Html is infact a type of tree structure so when describing html you may hear the use words such as parent, child, sibling and ancestor node. A child node is anything that is contained within an element, for example the p tags within the div are children of the div. Siblings are elments that are next to each other in the tree for example the two p tags above are siblings.
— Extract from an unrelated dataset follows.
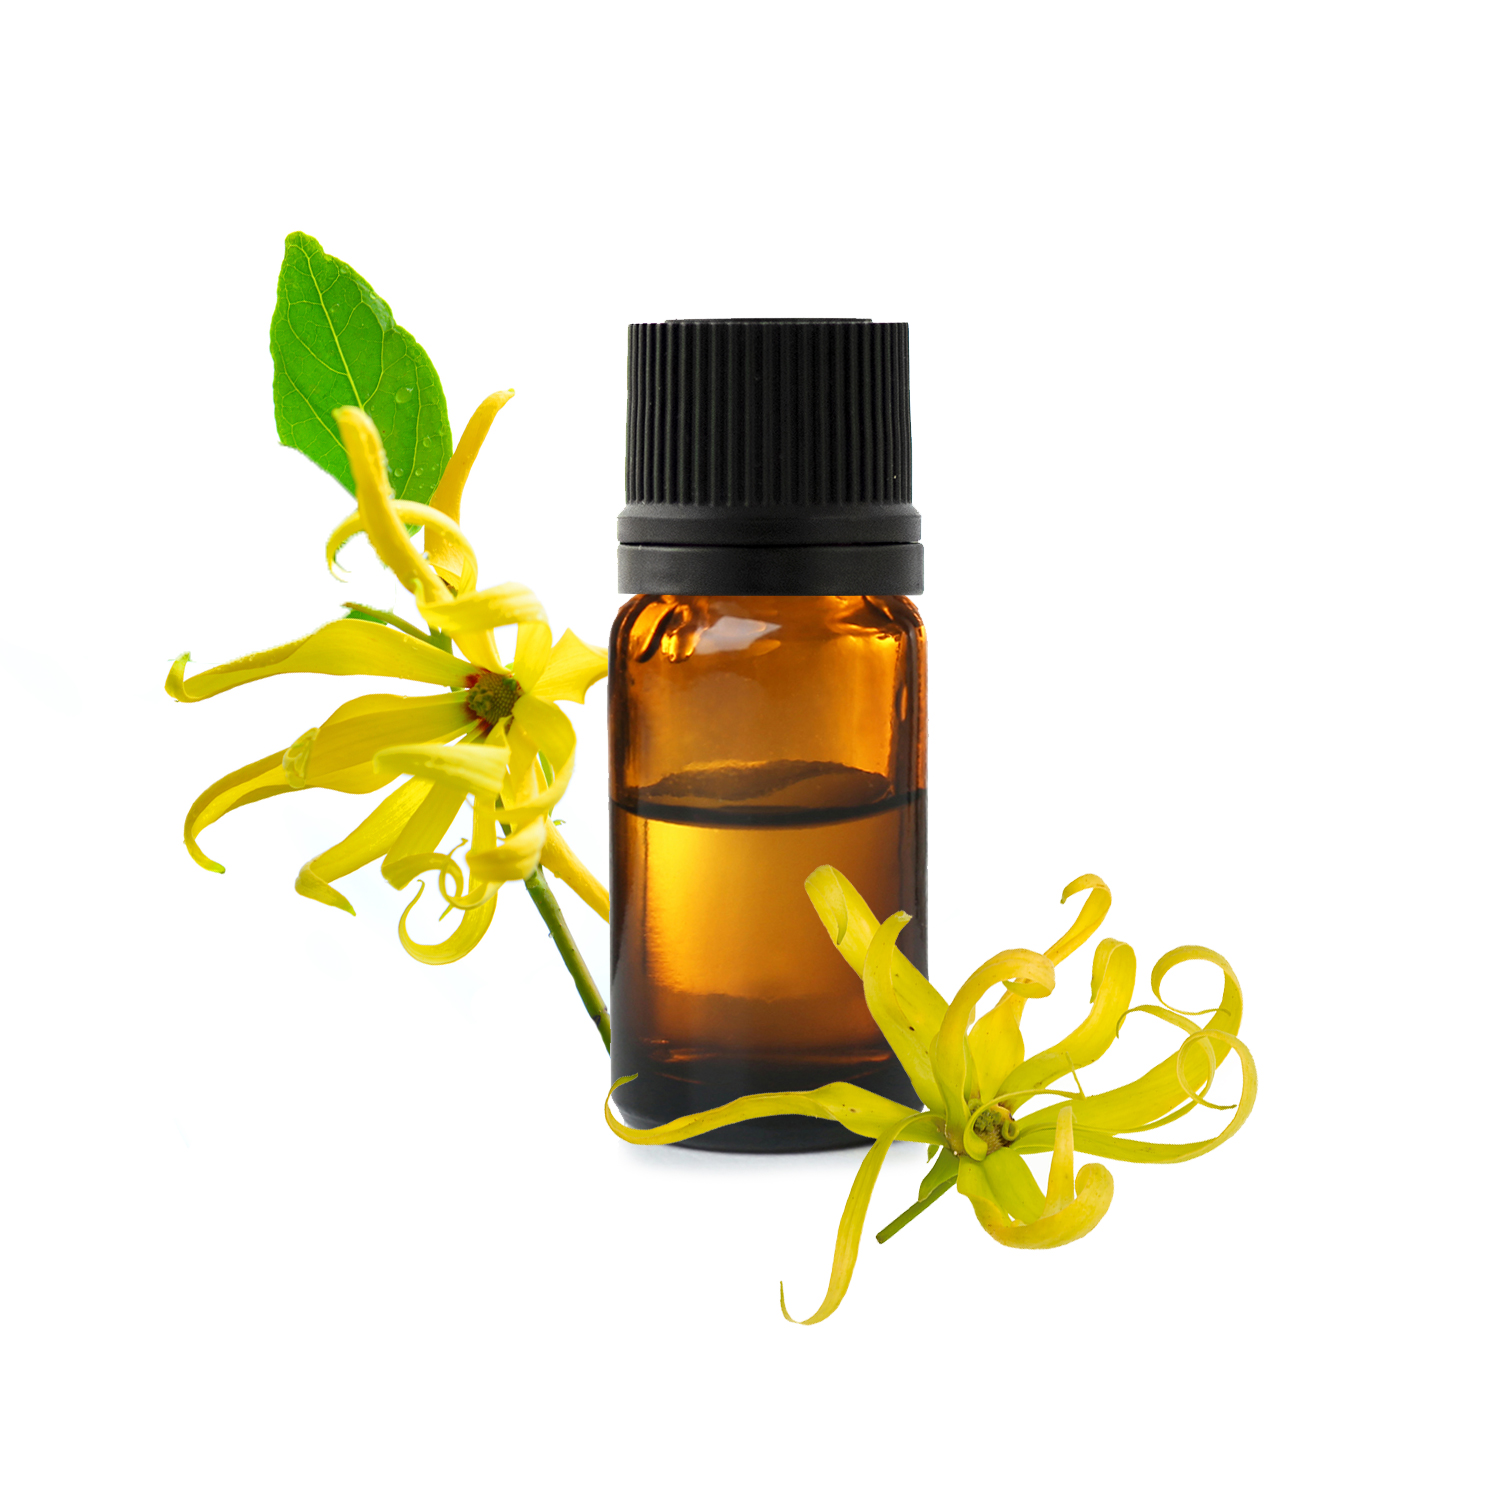 Huile Essentielle d'Ylang Ylang
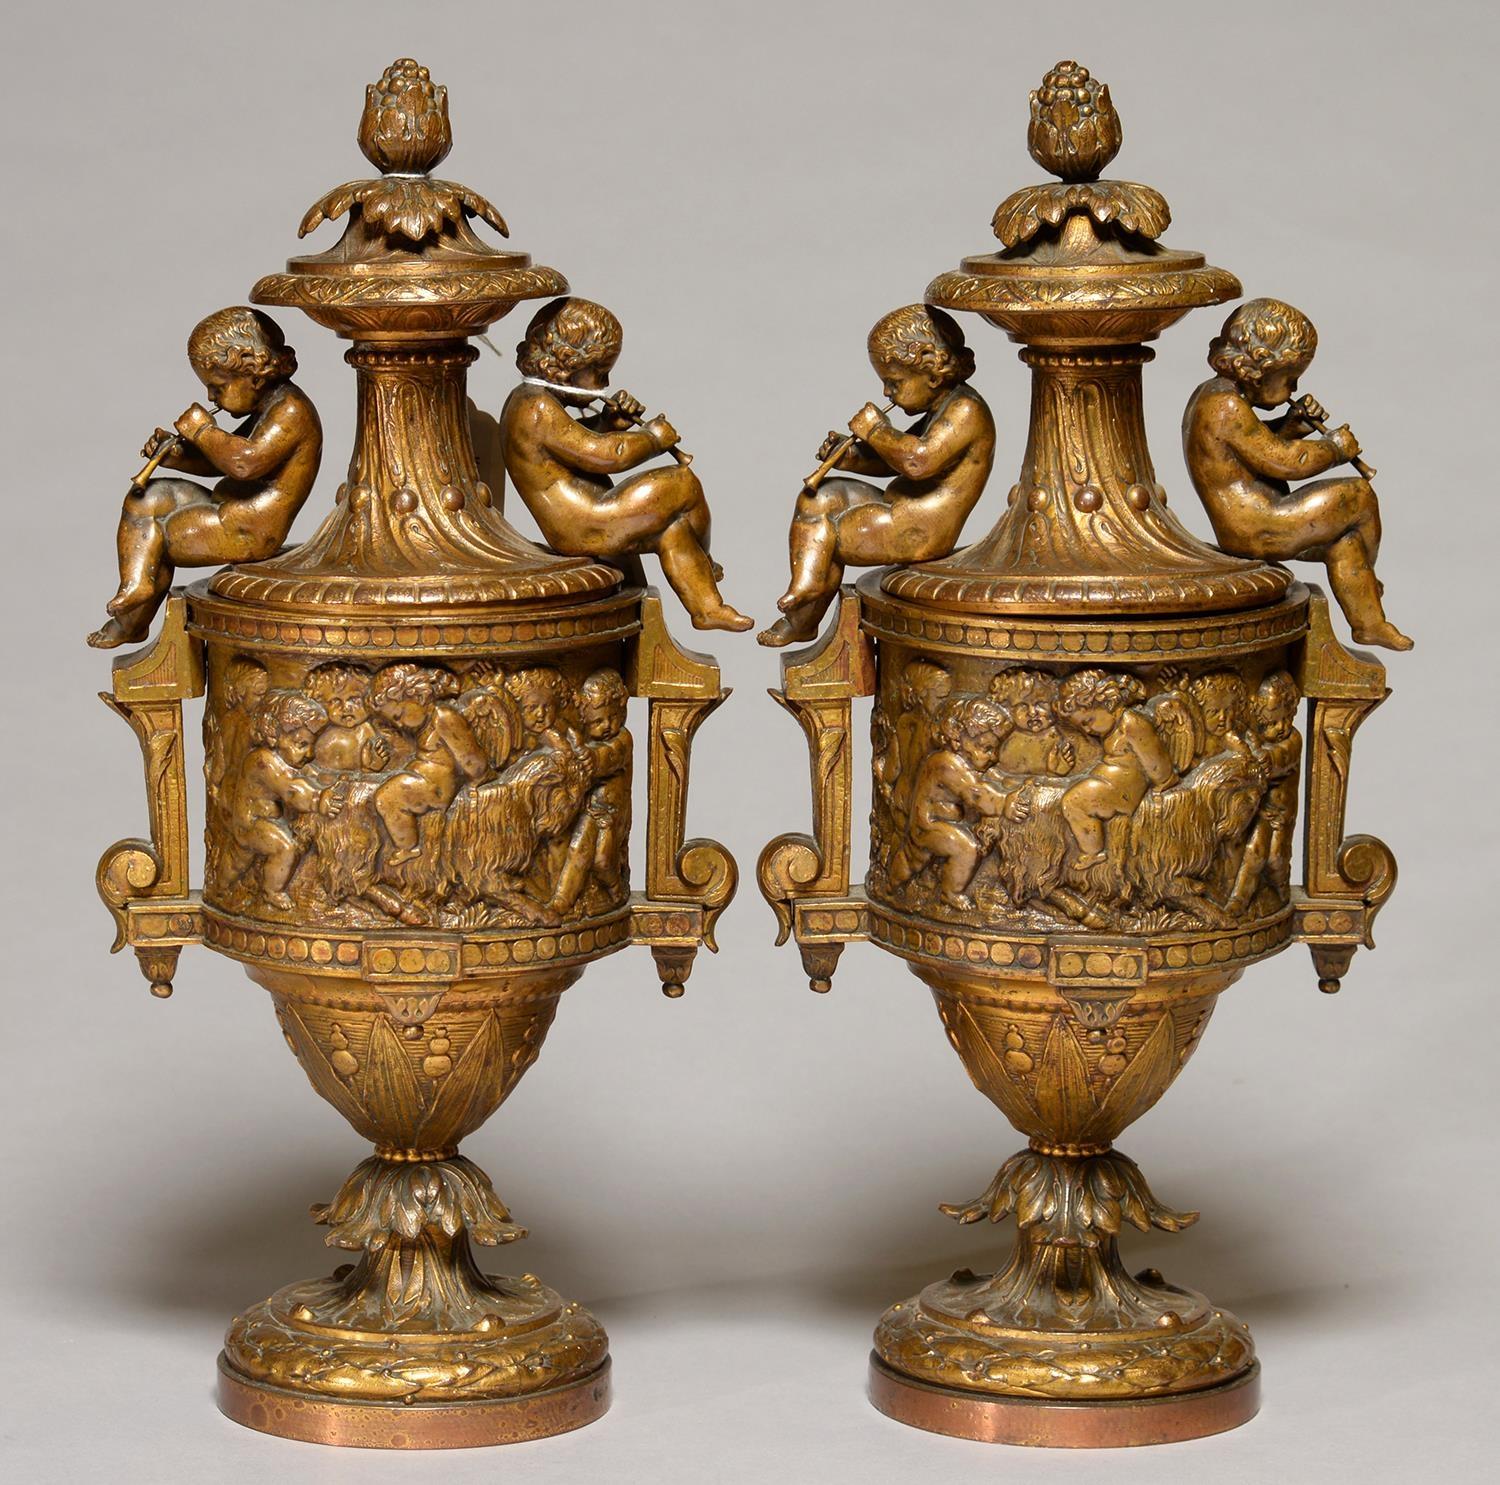 A PAIR OF FRENCH FIN DE SIECLE GILT LAQUERED AND BRONZED METAL URNS AND COVERS, C1900, THE DOMED

A parents node is the node directly above an element.  For more on the HTML Tree see [here](https://javascript.info/dom-nodes).  There are many html elements, a good resource to learn more about them and web tech in general is MDN (mozilla development network) [documentation](https://developer.mozilla.org/en-US/docs/Web/HTML/Element)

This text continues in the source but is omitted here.